C’était là, une part de mon métier !
Un jeudi, et je reste formel sur ce jour, je remarquai la présence d’un type rivé à la face d’une sépulture. Jusqu’ici, rien de surprenant puisque c’est, précisément, à cet effet, à ce court ou long recueillement auquel sont destinées les concessions.
Ce type, sans conteste plus âgé que moi, portait un pull - estimé de loin - d’épaisse laine, et parfaitement rouge. D’un écarlate à nous crever les yeux, au milieu de toute cette grisaille de tombes !
Le jour suivant, aussi la semaine suivante, quelle que soit l’heure où je me rendais à ce même cimetière – j’en visitais d’autres -, il se trouvait toujours au même endroit, et toujours vêtu de la même façon ; façon, d’ailleurs, excessivement chaude pour le mois de juillet que nous vivions alors.
Rien d’illégitime en cela, nous en conviendrons. Cet homme devait probablement être chargé d’une lourde peine, de la profonde douleur de son deuil récent, et la discrétion exigée de notre déontologie professionnelle m’interdisait toute curiosité déplacée. Je me contentais, singulièrement, de lui envoyer un bref salut lorsque je devais emprunter l’allée où il se statufiait, assurément la plus grande période de la journée. L’existence nous conduit souvent ainsi à croiser des humains non identifiés, mais dont notre civisme nous oblige à traduire de la bienveillance par une niaiserie, elle-même dictée du quotidien.
Ce fut lui qui, le premier, m’adressa la parole. Un matin, j’étais courbé entre deux stèles, occupé à ôter un débordement de silicone, lorsqu’il apparut, debout de ce qu’il y a de plus droit, devant moi, se proposant amicalement prêter sa main à ma tâche.
Très courtoisement, je le remerciai, mais refusai néanmoins son aide pour le juste motif que mes finitions se terminaient. Au-delà, je ne sus quoi lui dire, si ce n’est que lui rappeler stupidement qu’il faisait très chaud.
Comme s’il ne s’en était pas rendu compte !

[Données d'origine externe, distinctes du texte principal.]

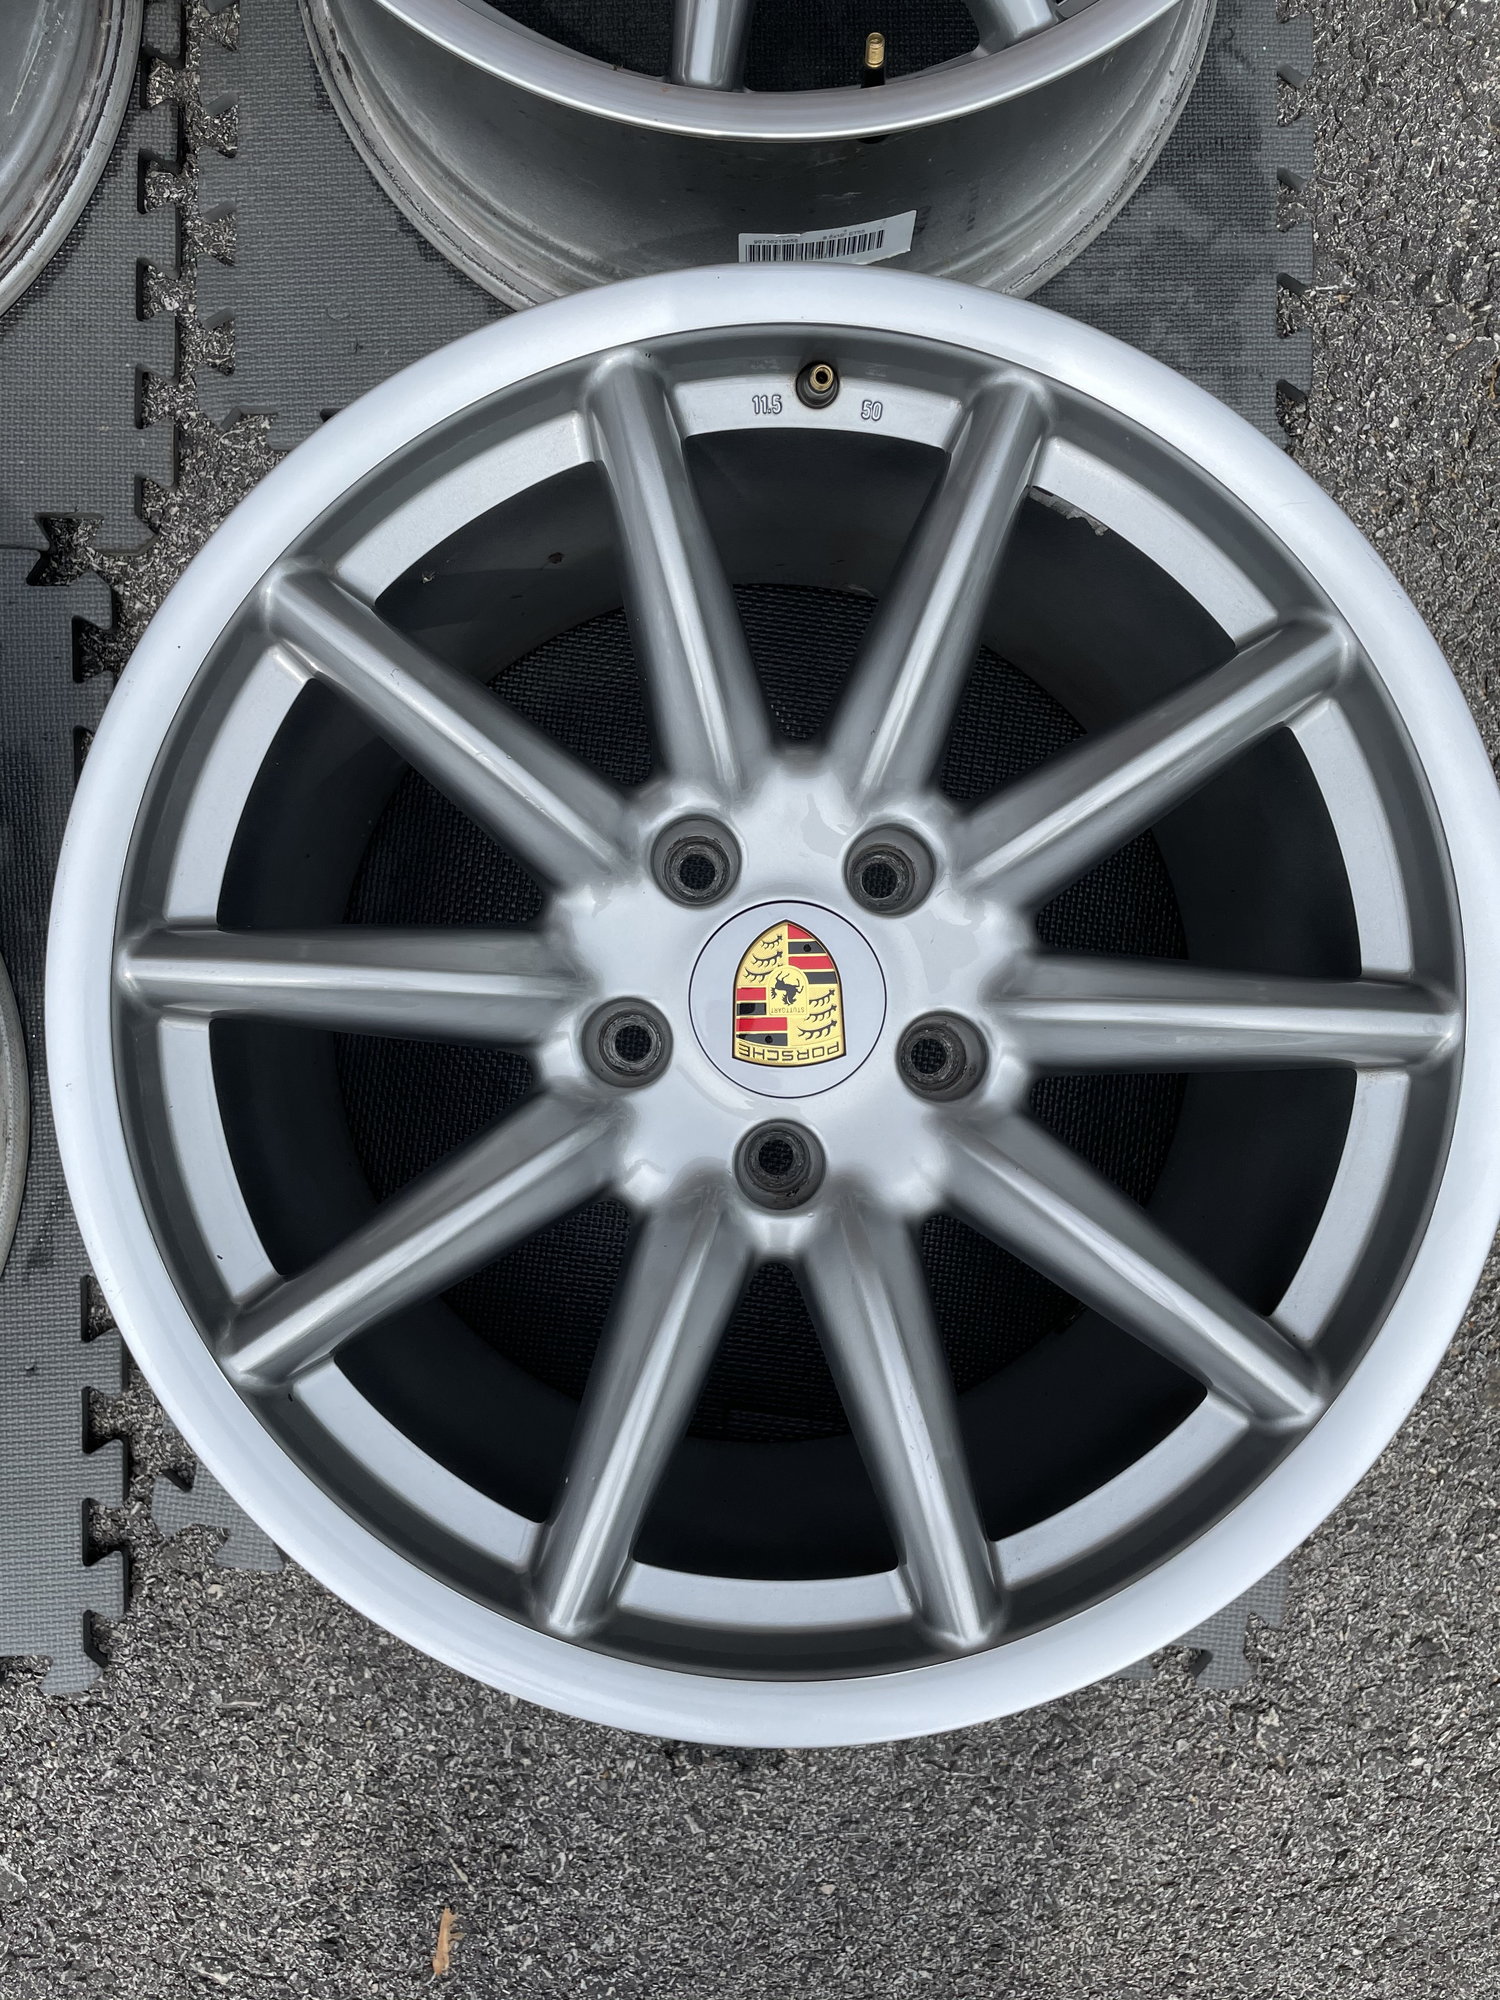 Wheels and Tires/Axles - Porsche 19 inch 997 Carrera 4S rims - Used - 2005 to 2012 Porsche 911 - Philadelphia, PA 19130, United States
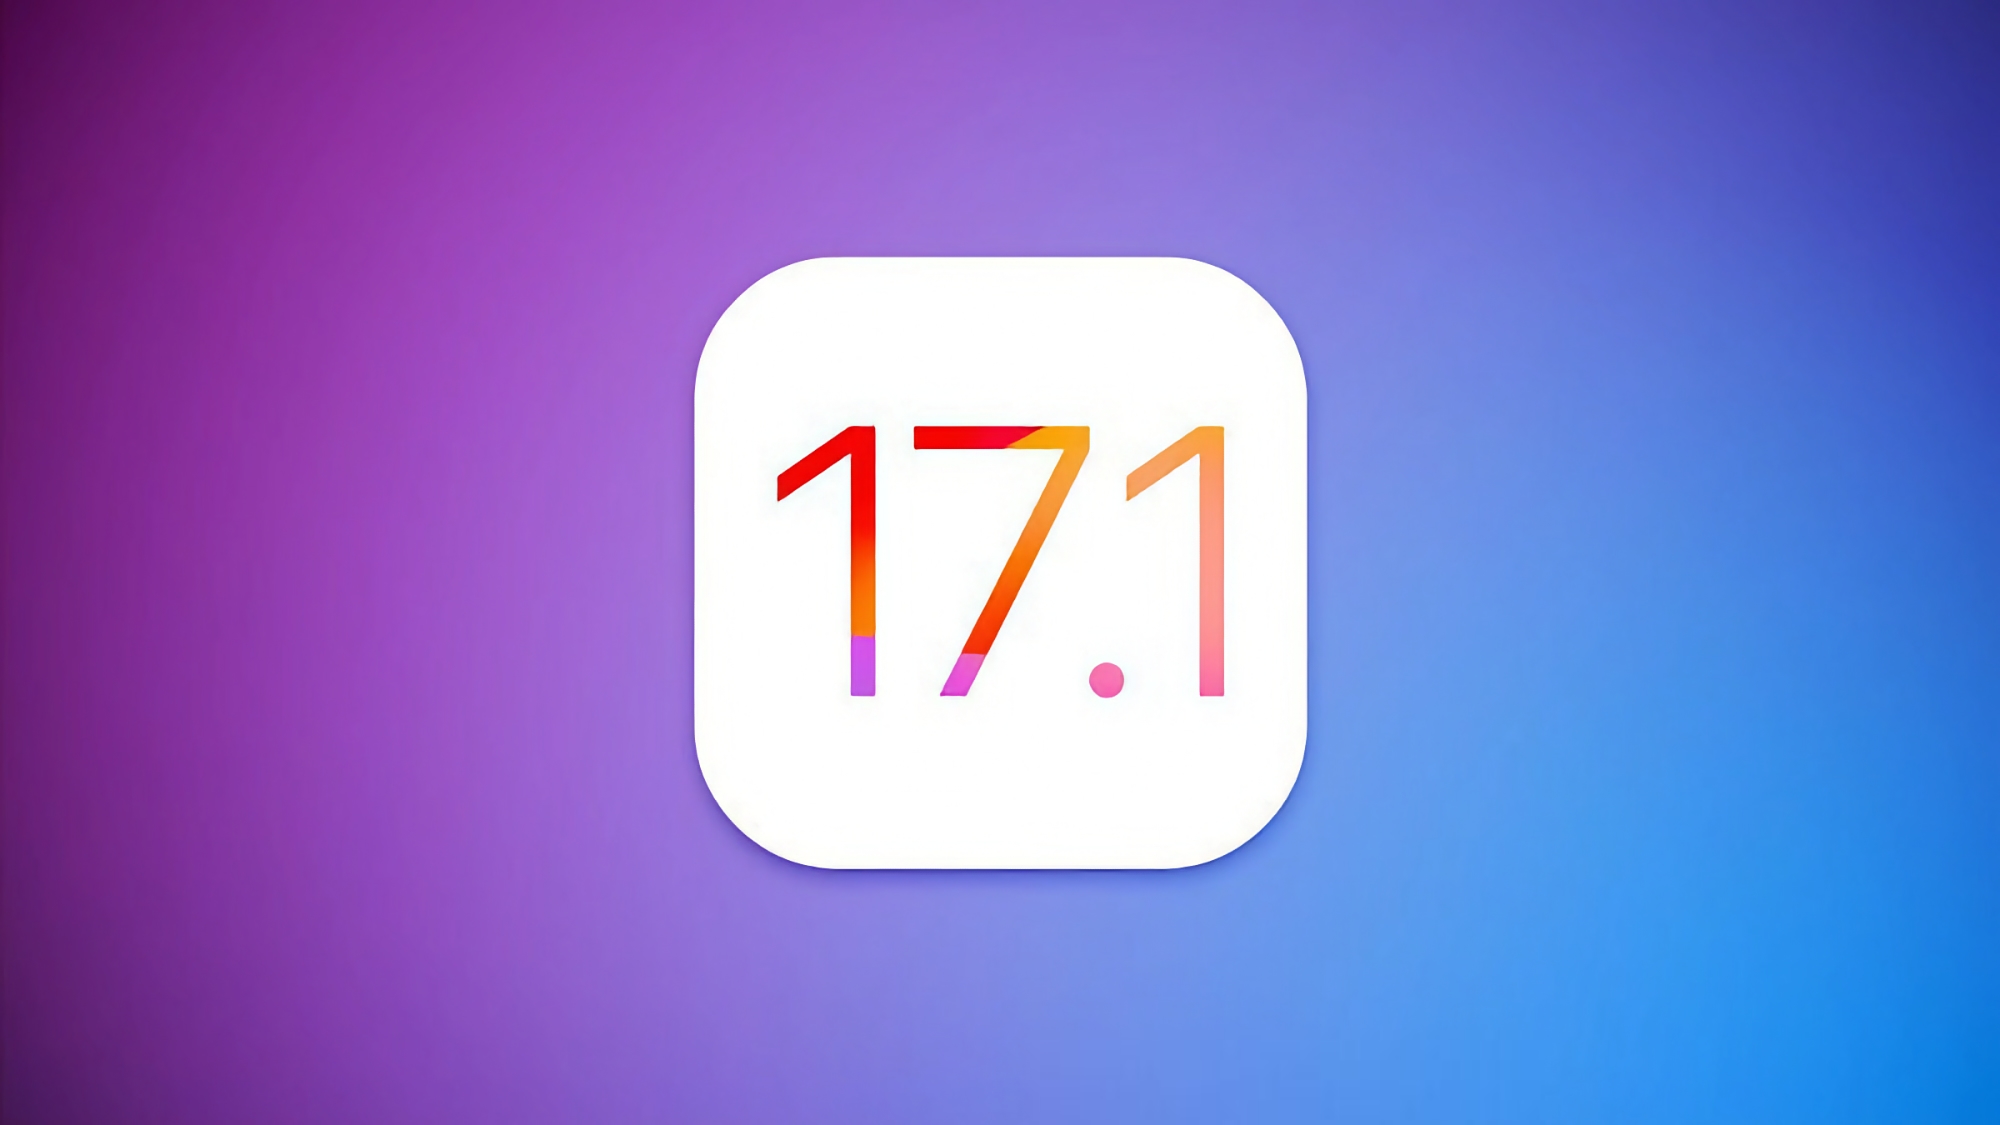 Apple has released the third beta of iOS 17.1

Je regroupai mon matériel, tandis qu’il s’éloignait alors à travers la division pour enfin regagner sa place.
Un autre jour, il me rejoignit dès mon arrivée au cimetière, et me proposa son aide une seconde fois. Je n’avais, alors que des mesures à prendre, et, m’adressant à lui presque comme à un ami, je lui confiai l’extrémité de mon bi-mètre rouleau pour obtenir, de son aide donc, les seules dimensions qu’il me fallait pour l’heure.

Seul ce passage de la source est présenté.